> **Directions**
Starting at the line with "Vietnam Veteran Baseball" and stopping at the final line, retype the data below exactly; do not carry over any pictures.

> **Data section**
• • • • • • •

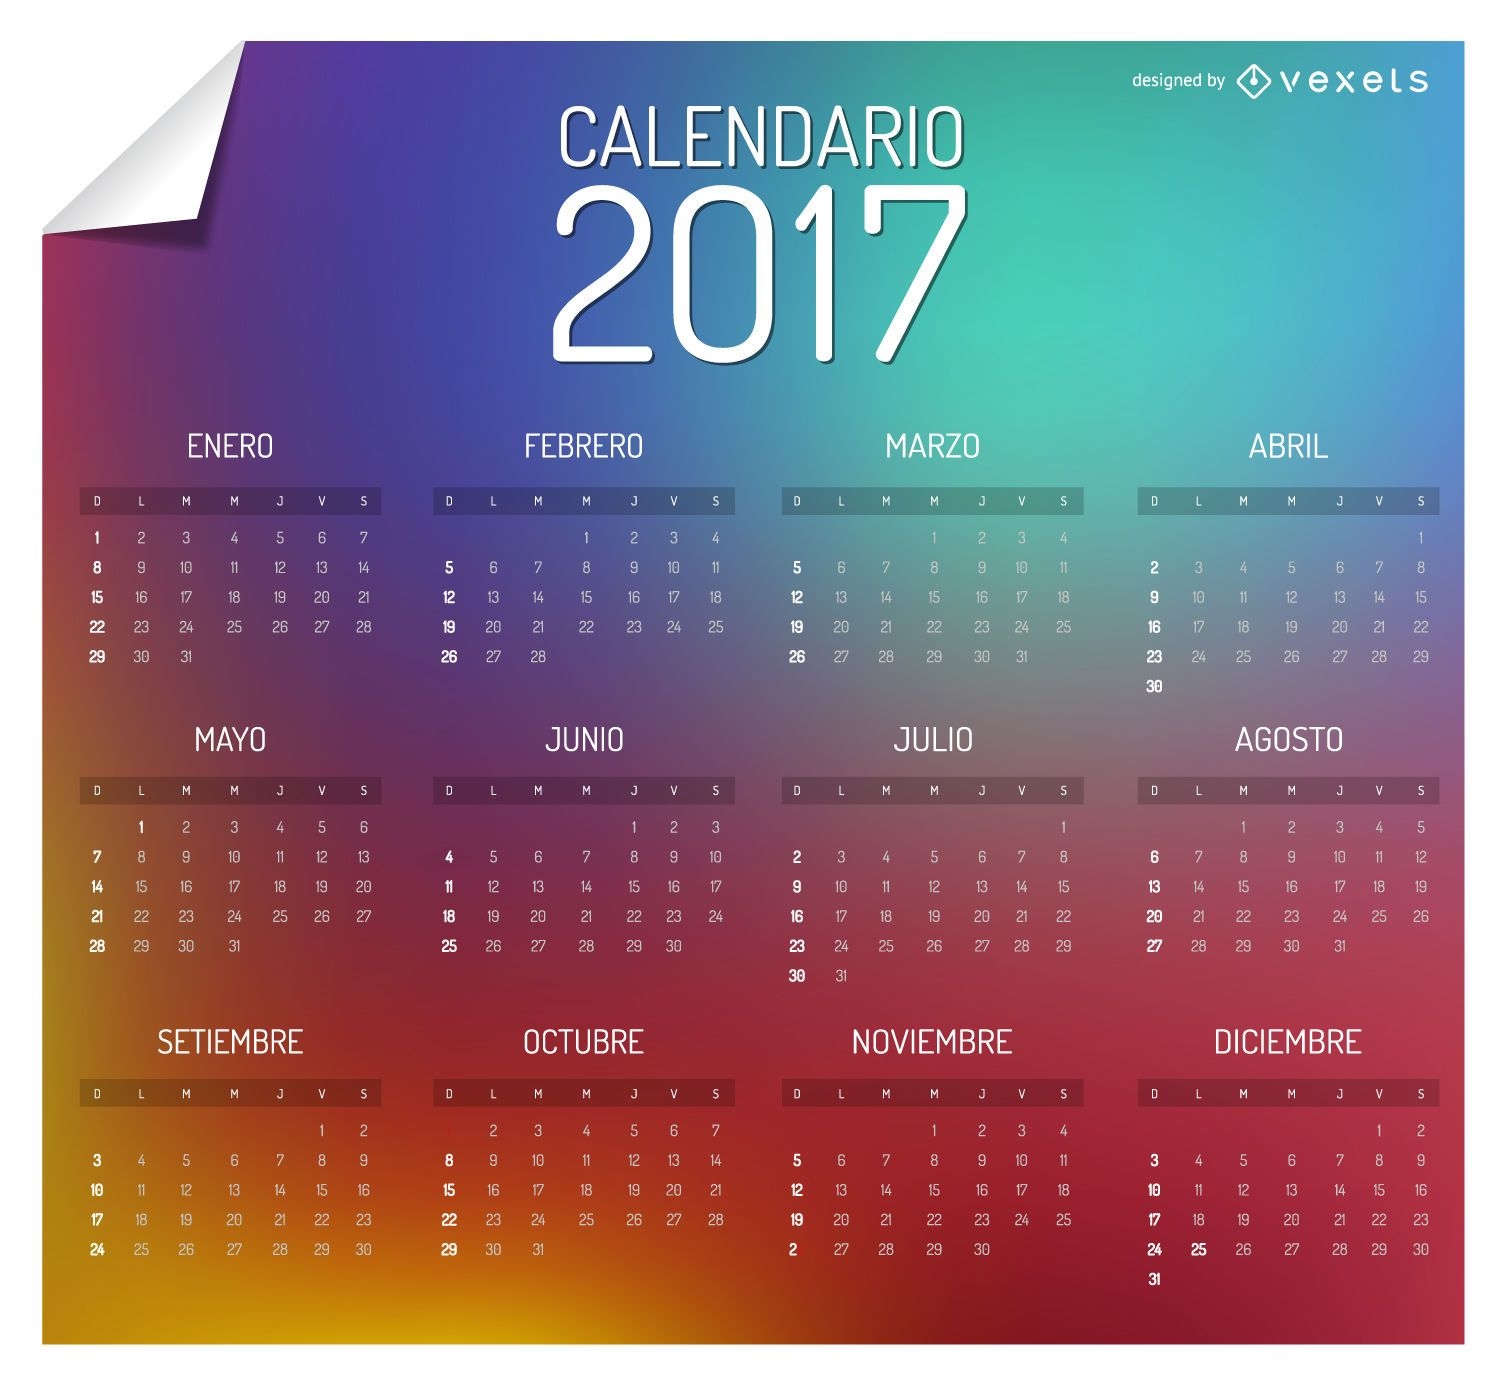 Colorido calendario 2017 en espa?ol
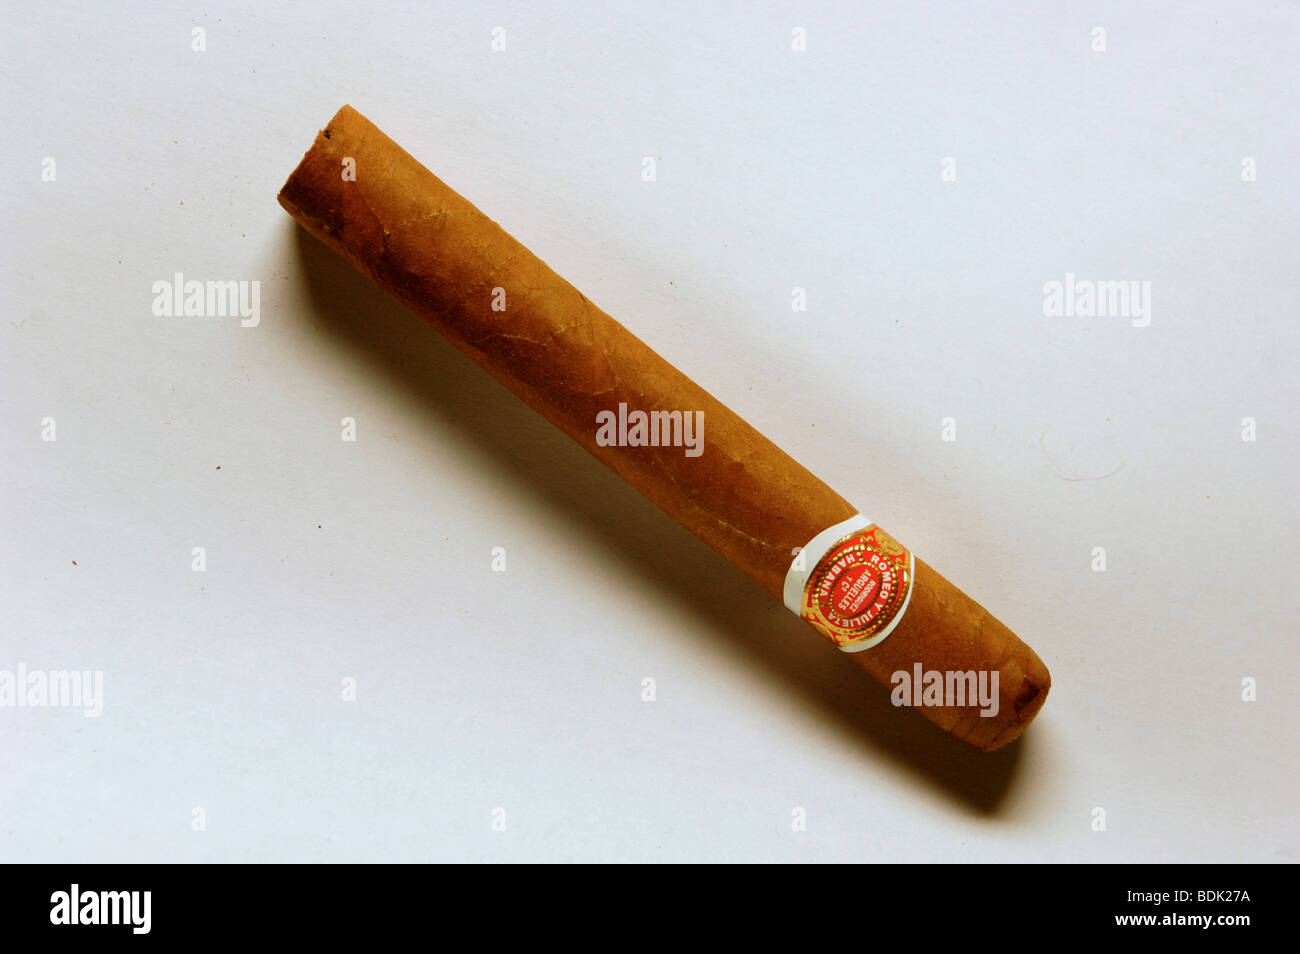 Romeo Y Julieta Havana cigar. Stock Photo
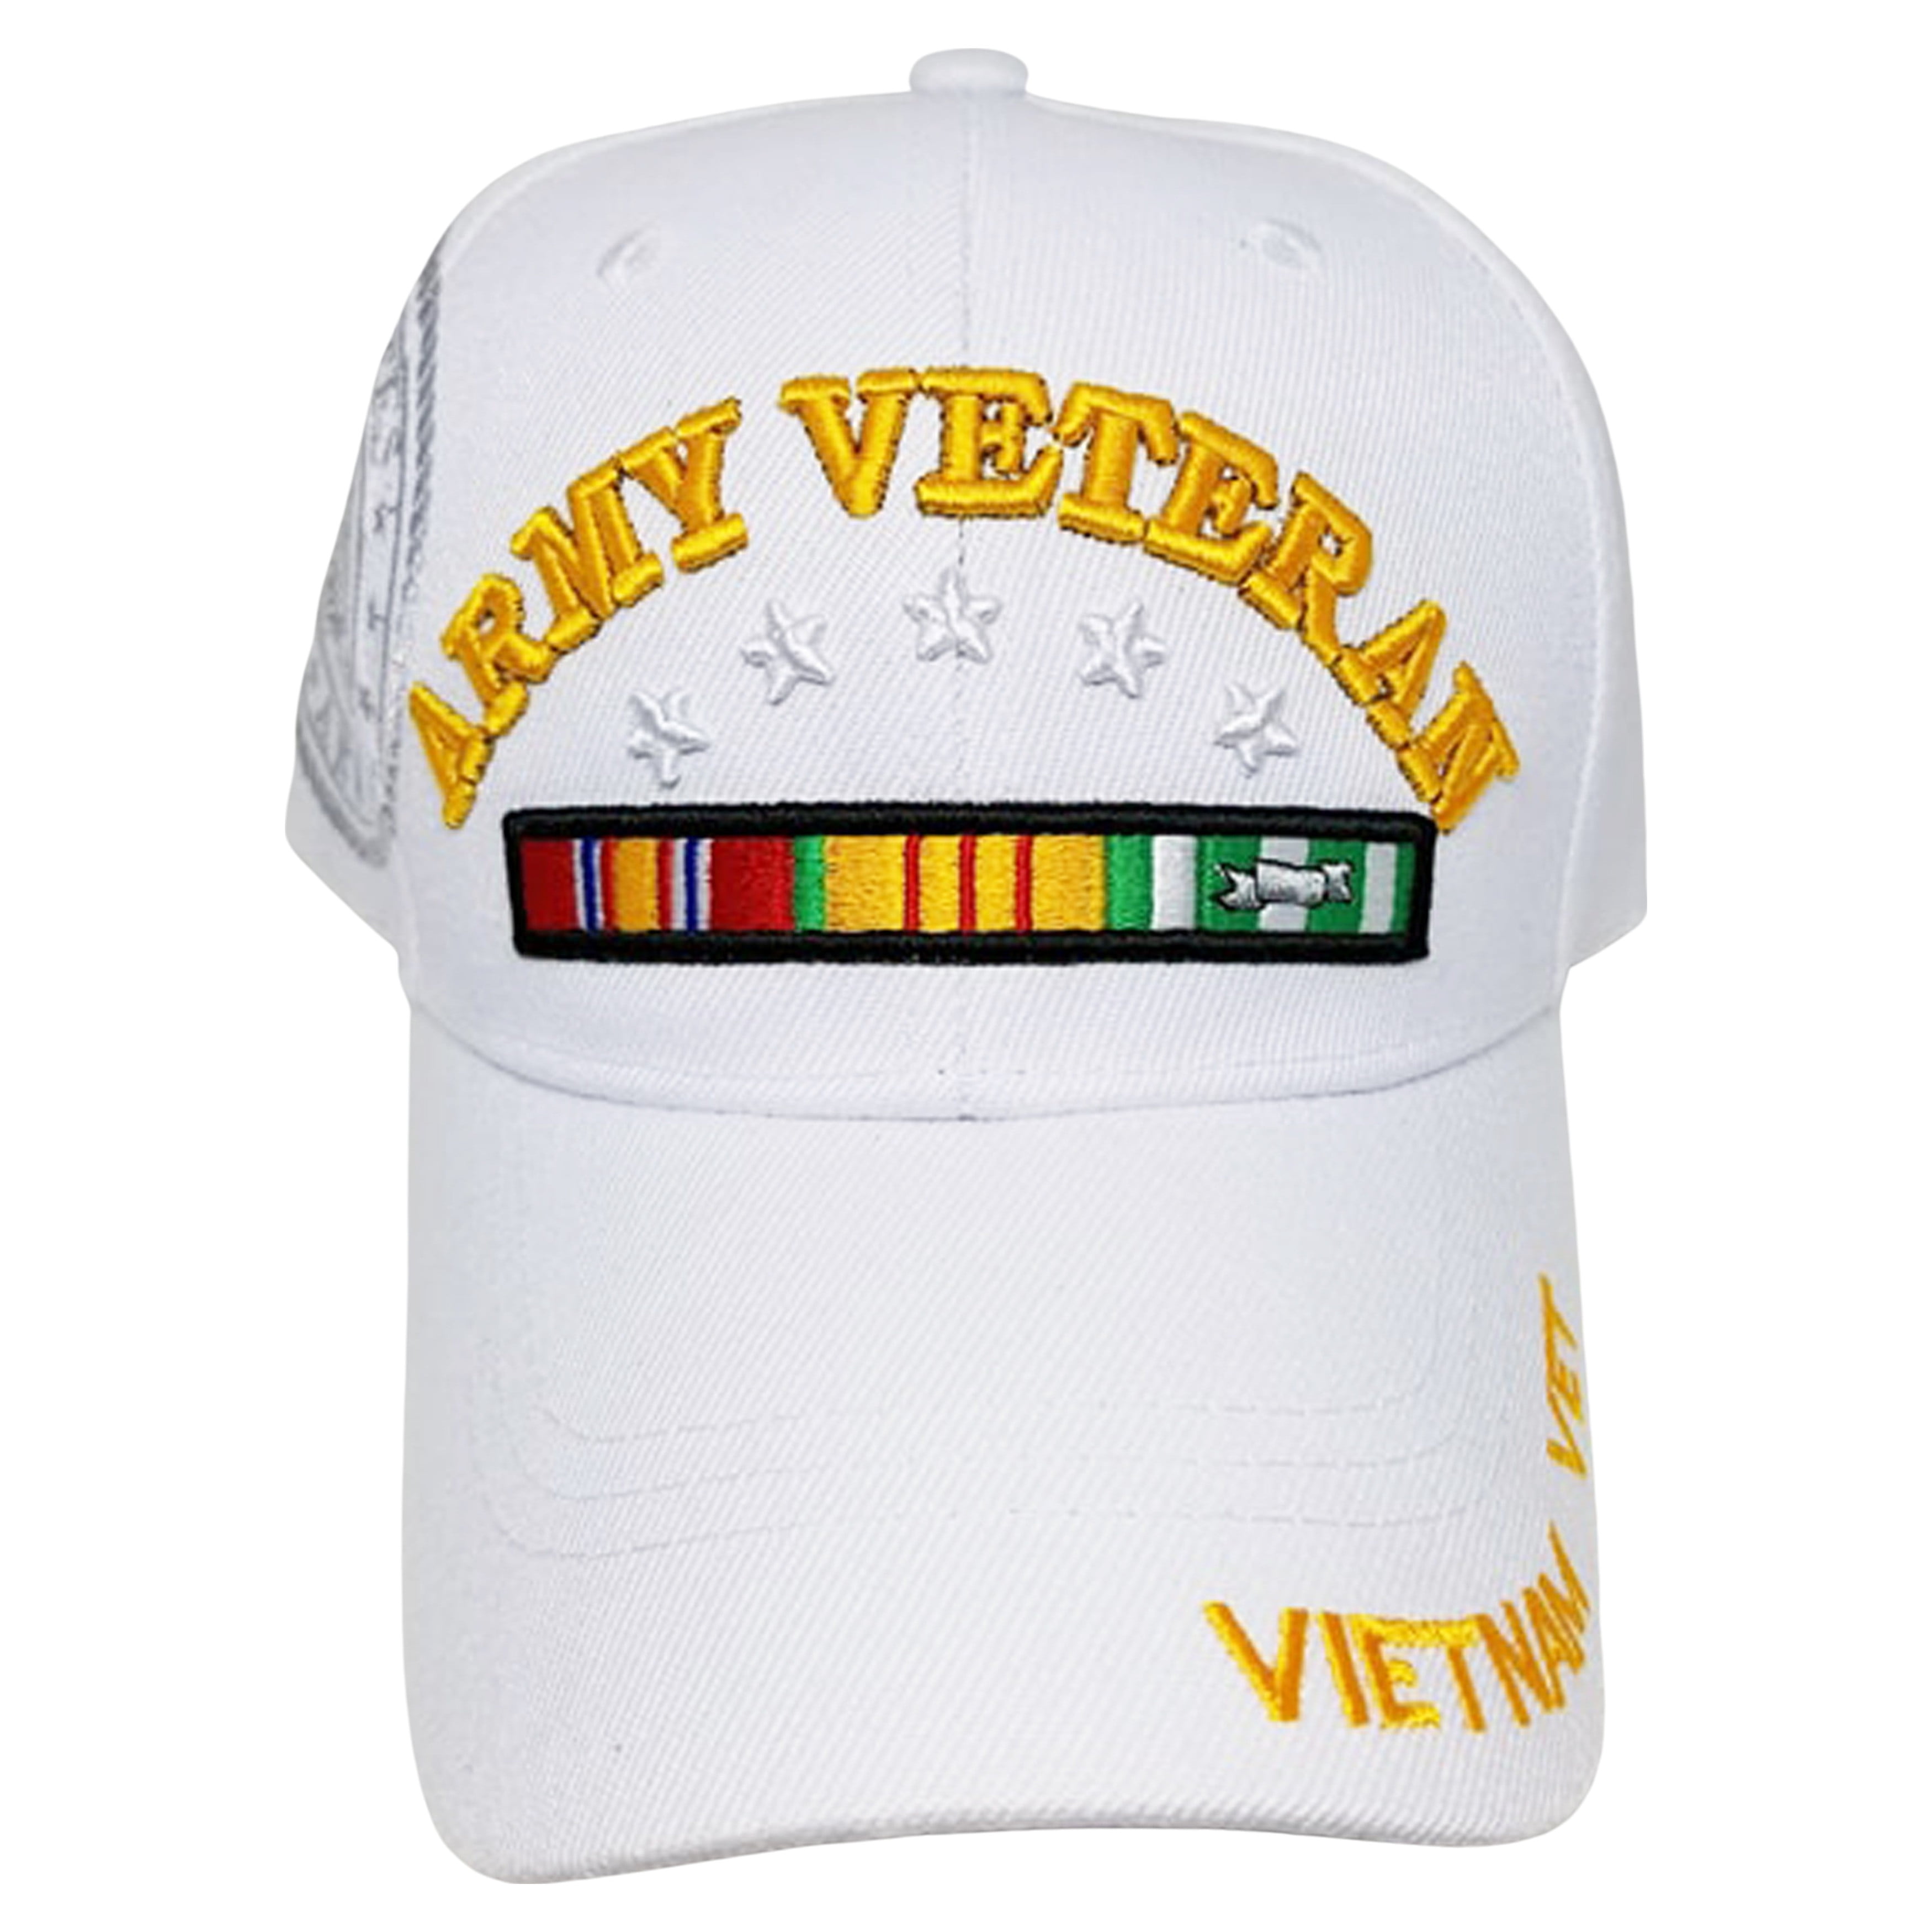 Vietnam Veteran Baseball Cap Mens Embroidered White Gold Ball Military - Walmart.com
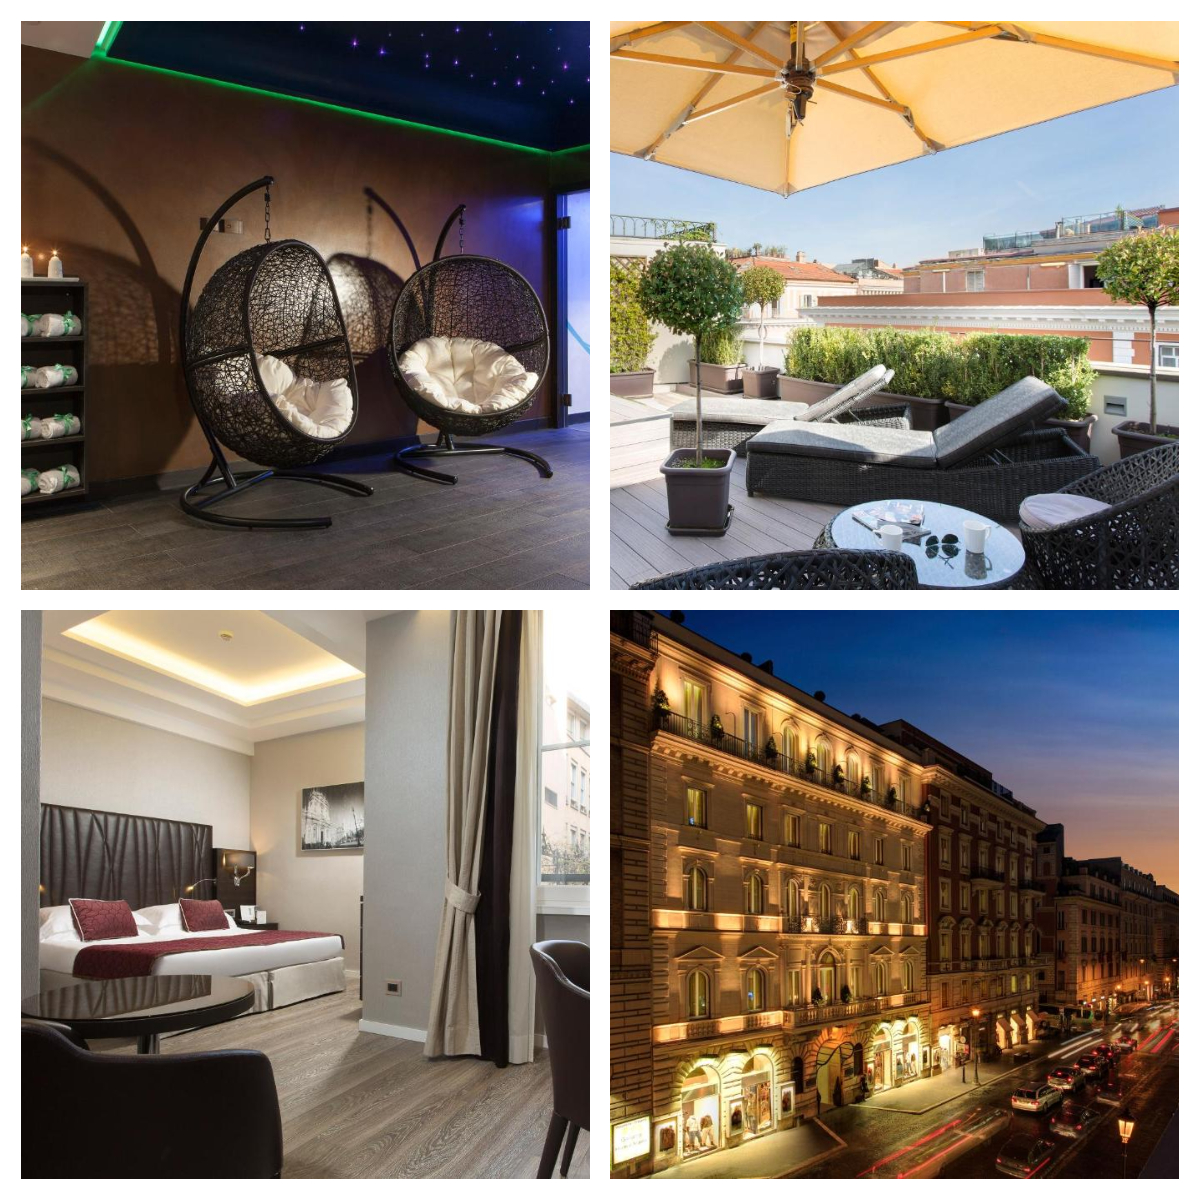 Best hotels in Rome

• • • • • • •

> **Output**
 Vietnam Veteran Baseball Cap Mens Embroidered White Gold Ball Military - Walmart.com
 Best hotels in Rome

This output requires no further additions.